BEGIN

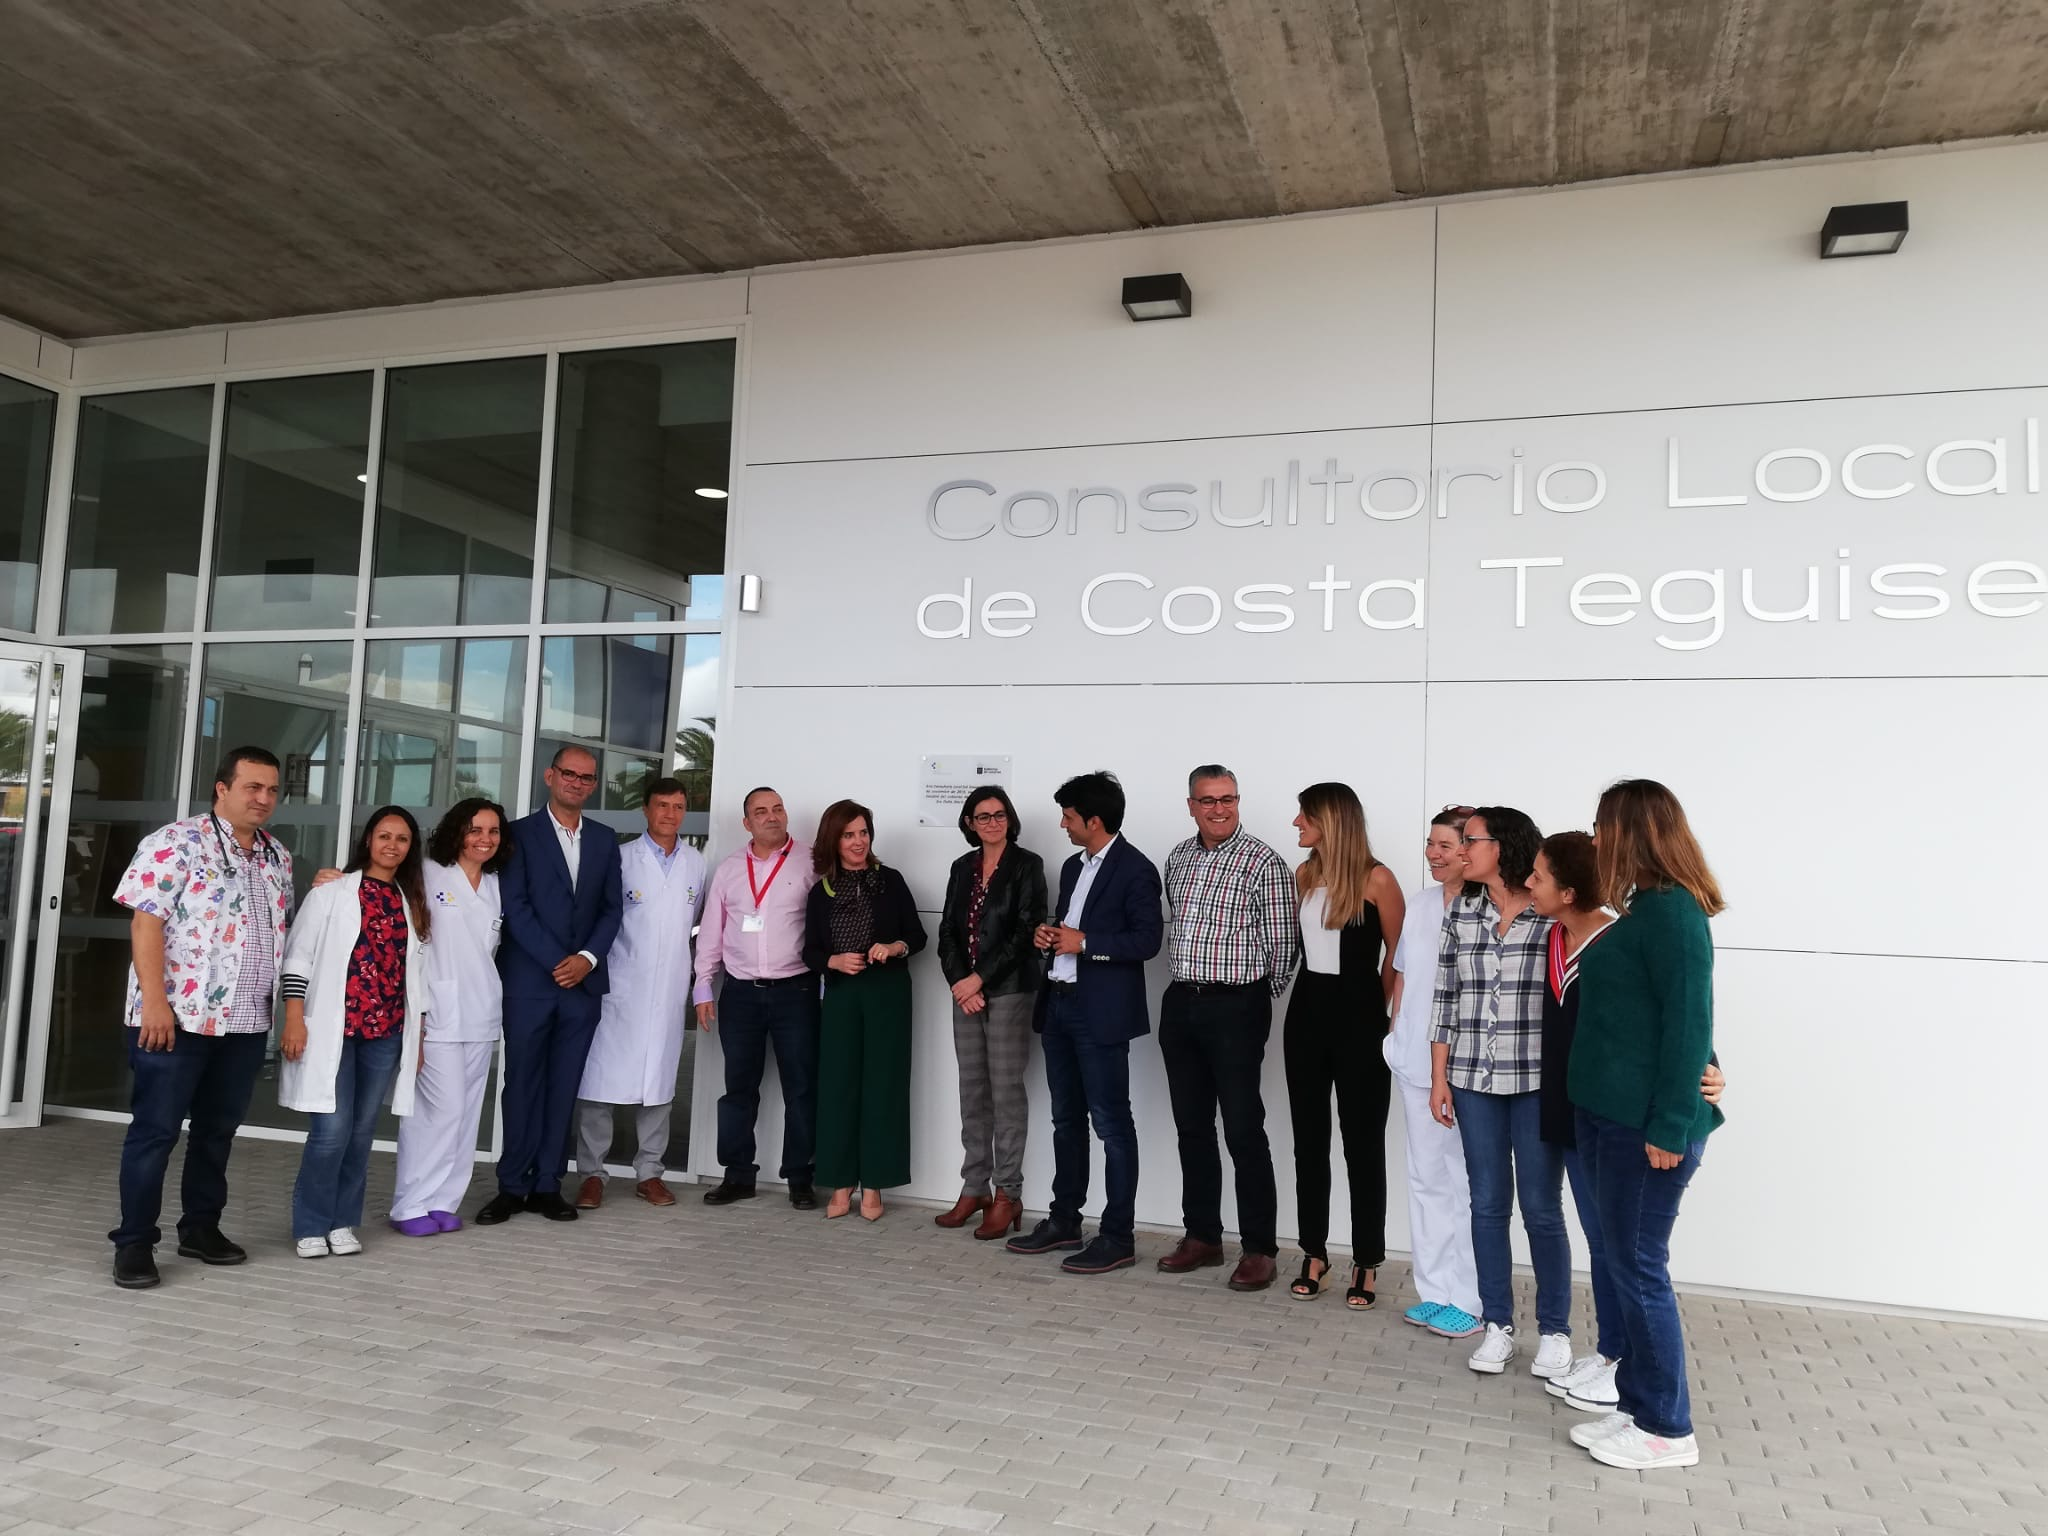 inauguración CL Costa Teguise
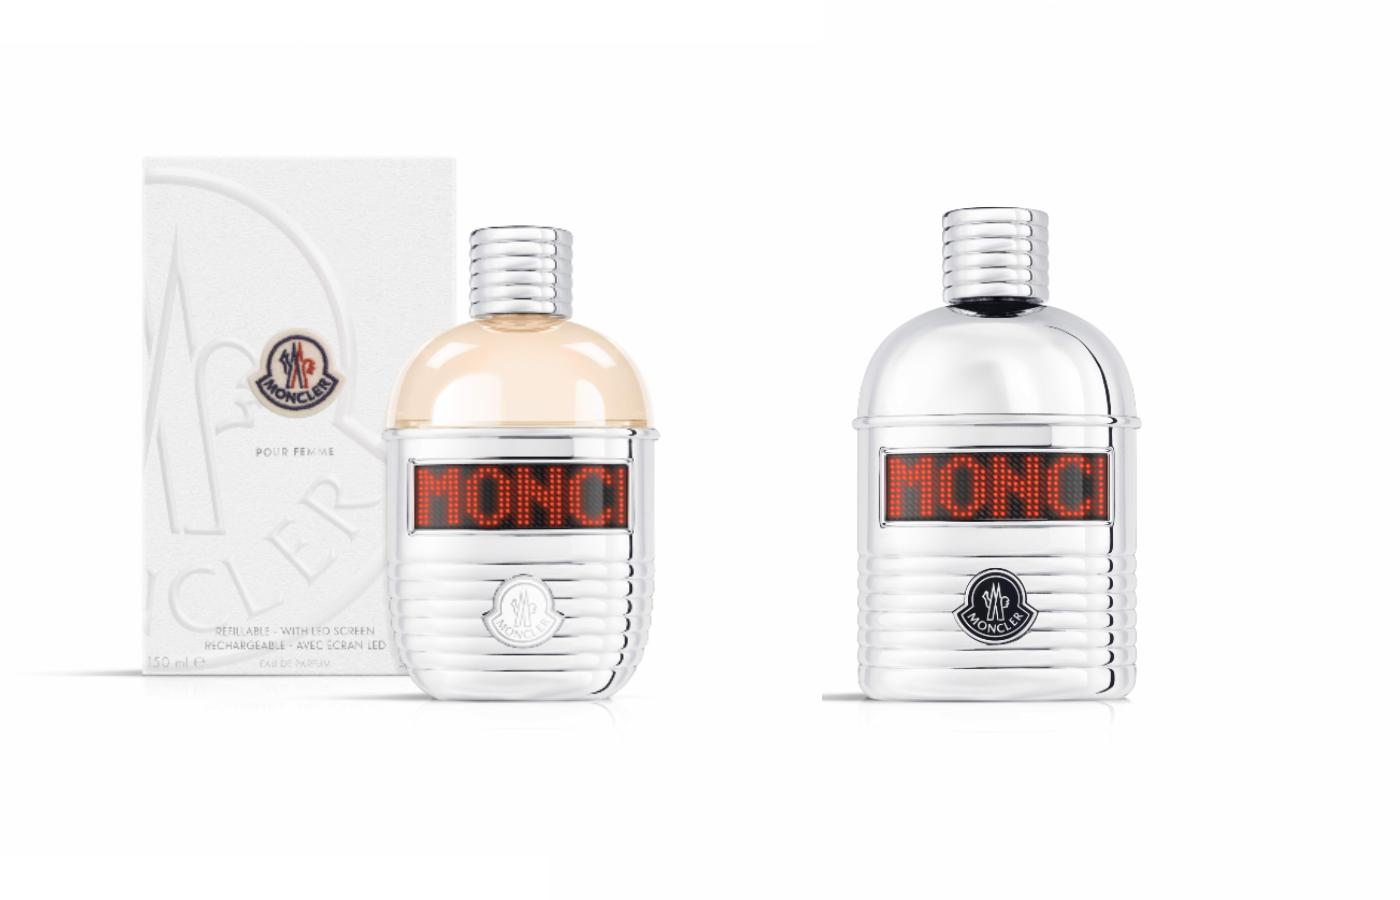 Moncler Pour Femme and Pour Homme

END
BEGIN

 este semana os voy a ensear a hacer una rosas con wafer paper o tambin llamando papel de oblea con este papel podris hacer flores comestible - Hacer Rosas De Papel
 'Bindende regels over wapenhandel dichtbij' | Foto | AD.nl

END

Prompt
Please copy, exactly as written, every line in the listing above from the line with "este semana os" up to and including the line with "Foto | AD.nl".

Solution
 este semana os voy a ensear a hacer una rosas con wafer paper o tambin llamando papel de oblea con este papel podris hacer flores comestible - Hacer Rosas De Papel
 'Bindende regels over wapenhandel dichtbij' | Foto | AD.nl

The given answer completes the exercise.